DATA SHOWN:

········

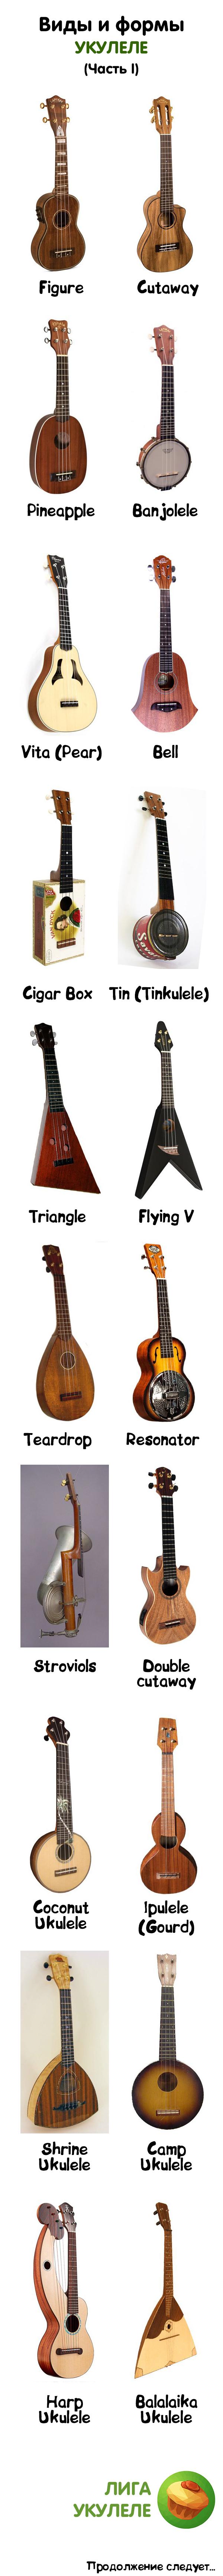 Виды и формы укулеле - Часть 1 Укулеле, Гавайская гитара, Длиннопост, Гитара, Картинки, Музыкальные инструменты
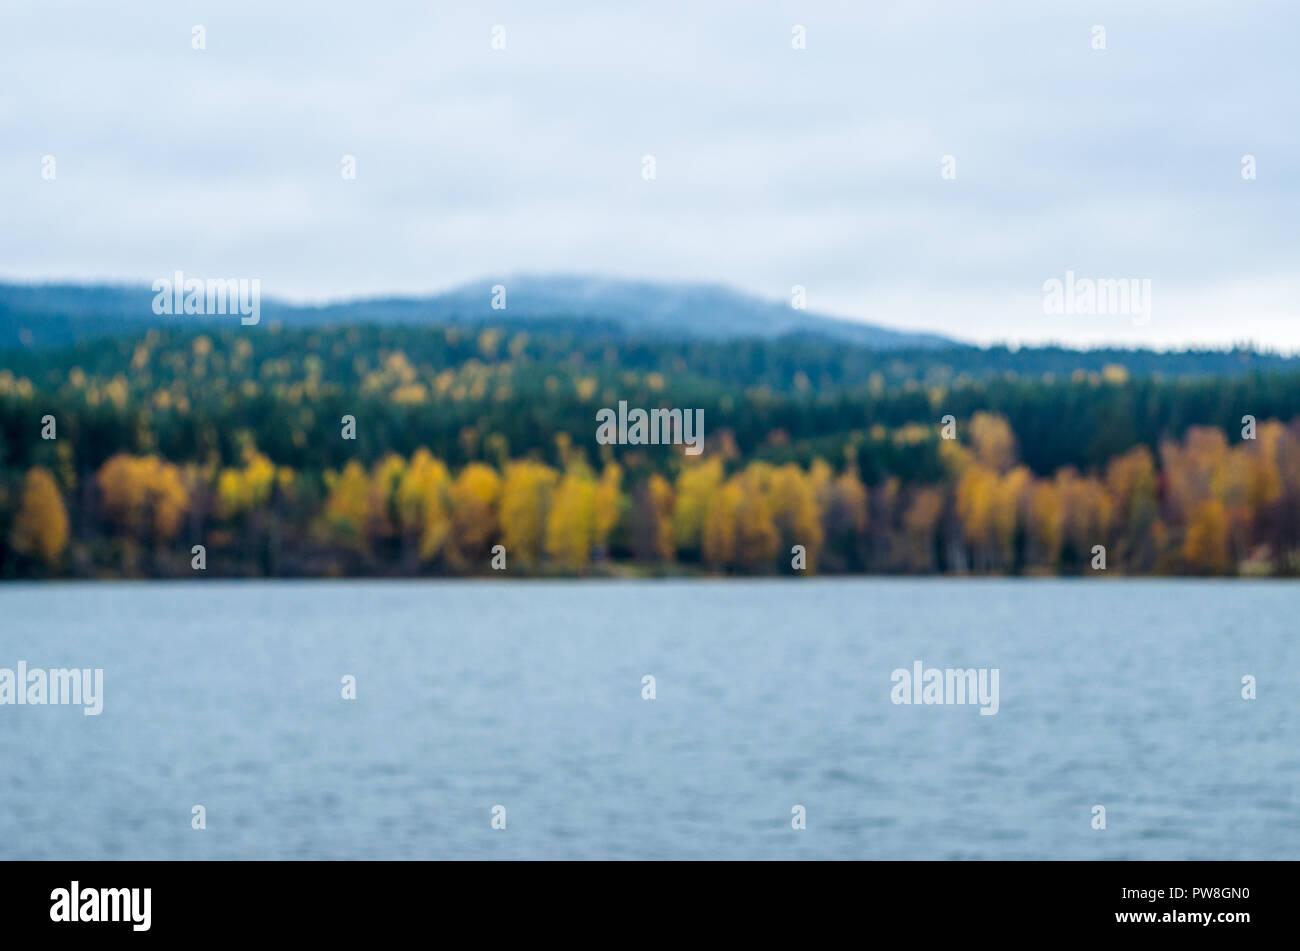 Unscharfer Hintergrund - Herbst norwegische Landschaft (borealen Wäldern mit gelben Bäume). Stockfoto
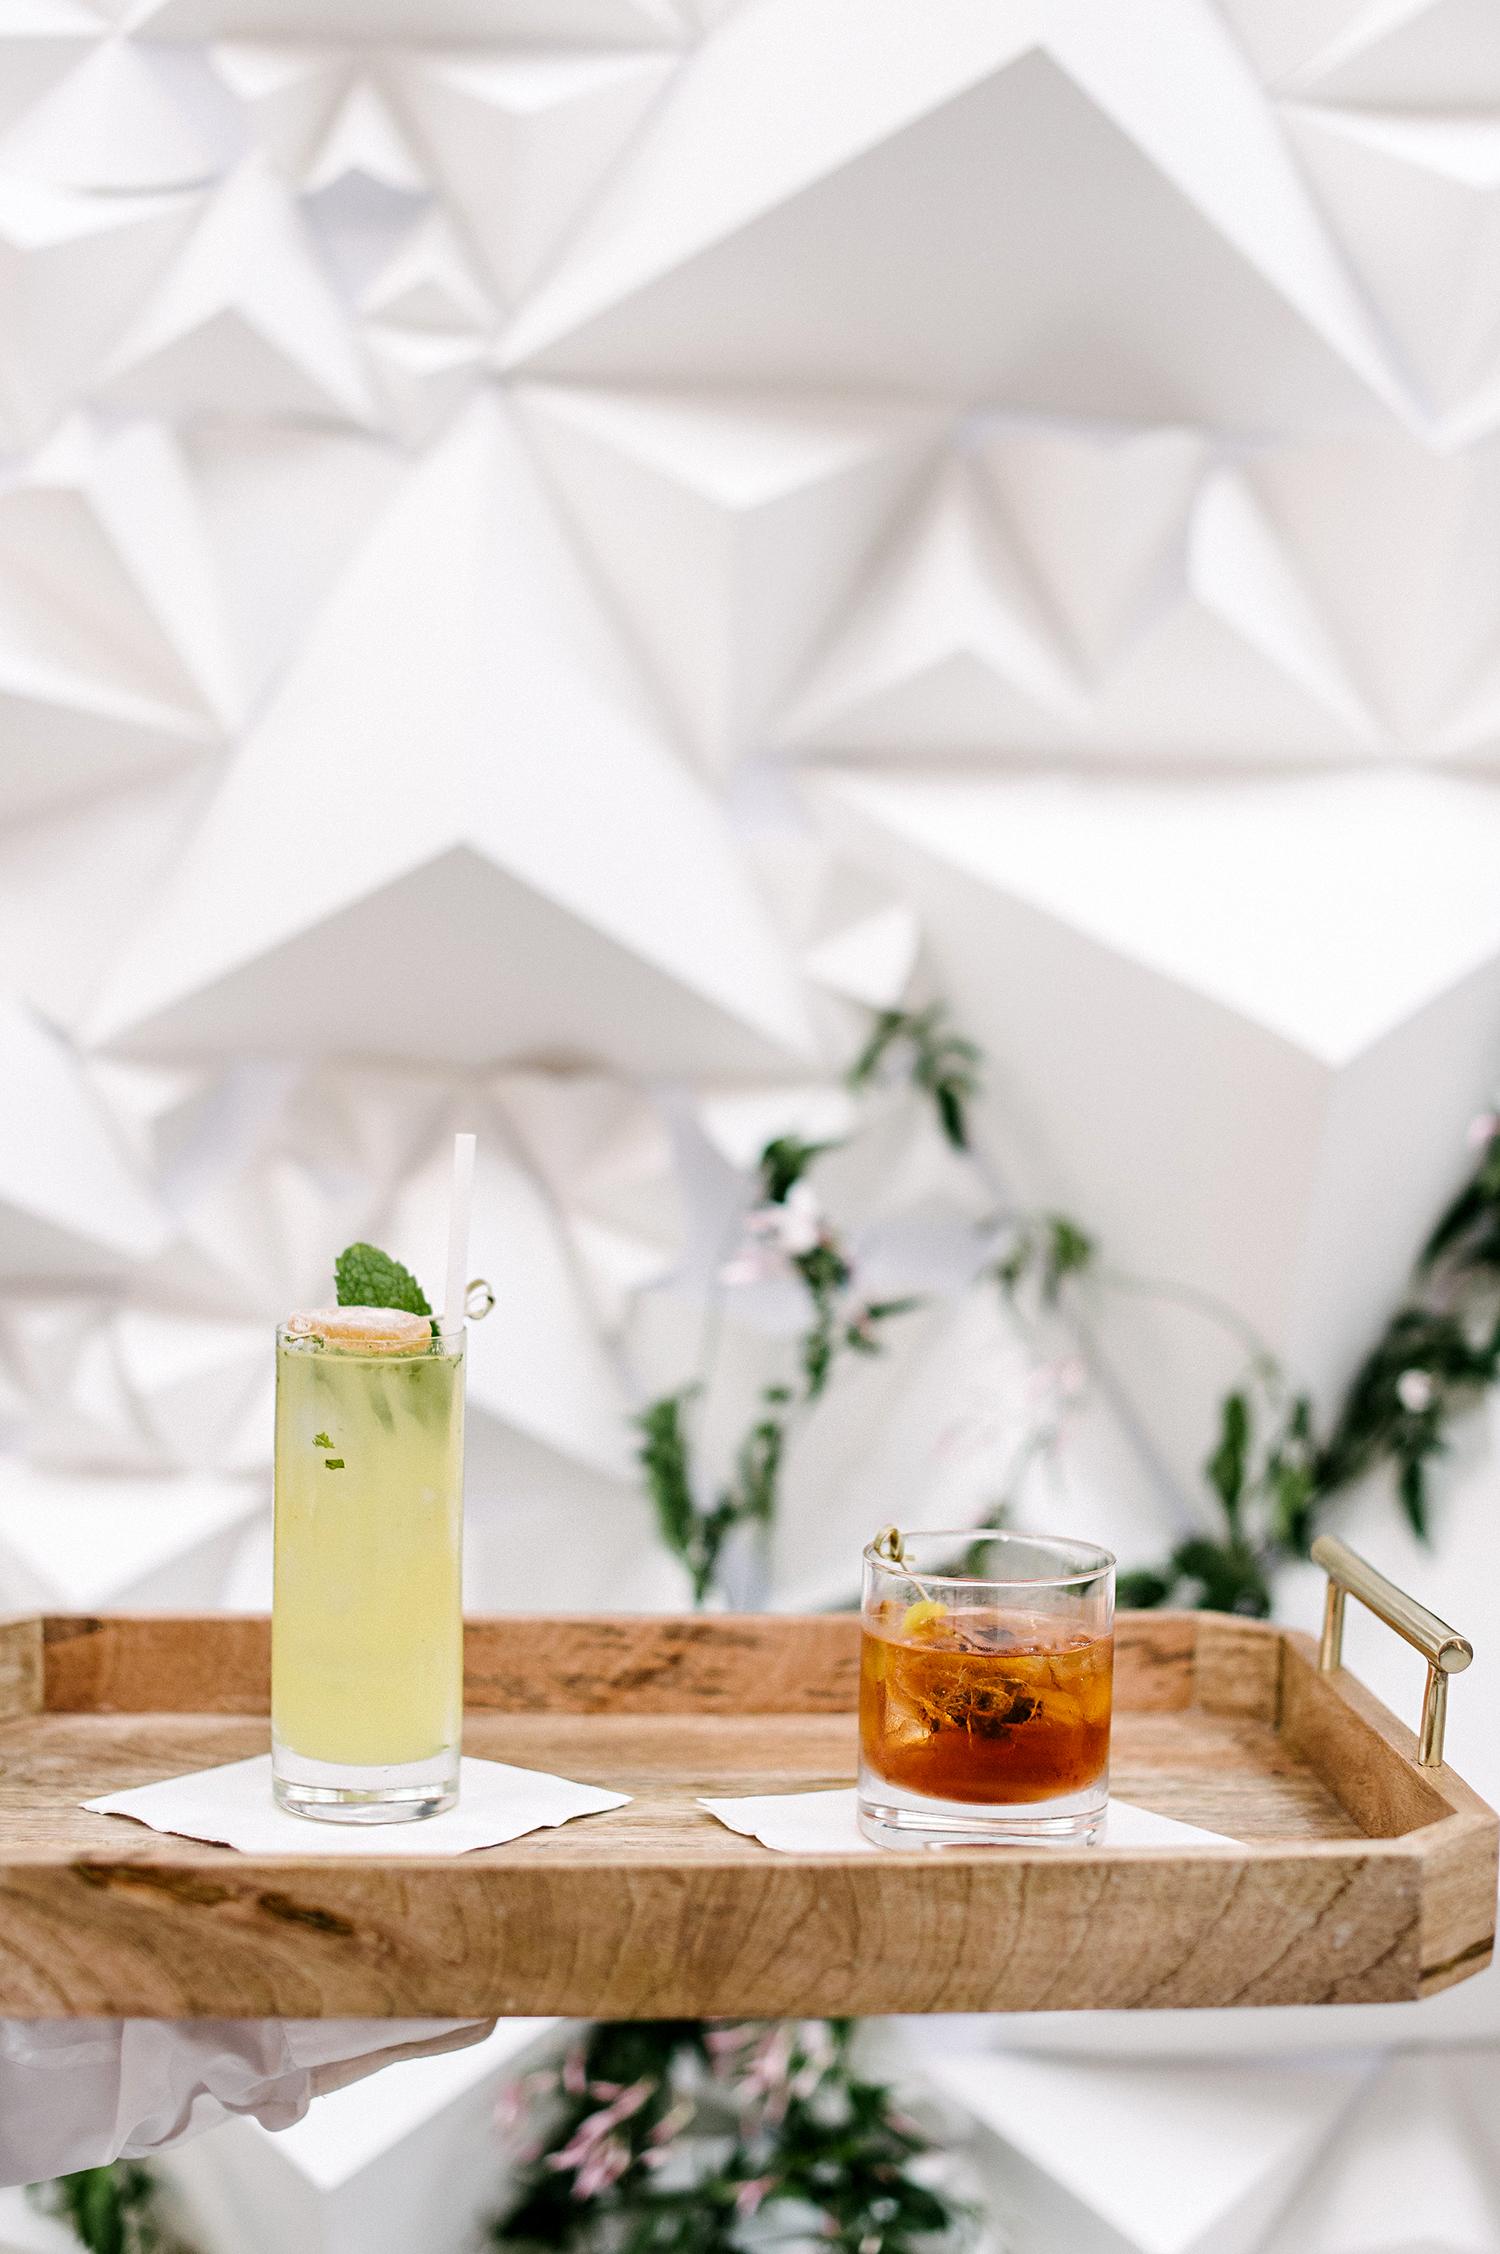 stephanie tim wedding cocktails on tray

········

Without altering anything, output all the lines above but none of the images.

 Виды и формы укулеле - Часть 1 Укулеле, Гавайская гитара, Длиннопост, Гитара, Картинки, Музыкальные инструменты
 Unscharfer Hintergrund - Herbst norwegische Landschaft (borealen Wäldern mit gelben Bäume). Stockfoto
 stephanie tim wedding cocktails on tray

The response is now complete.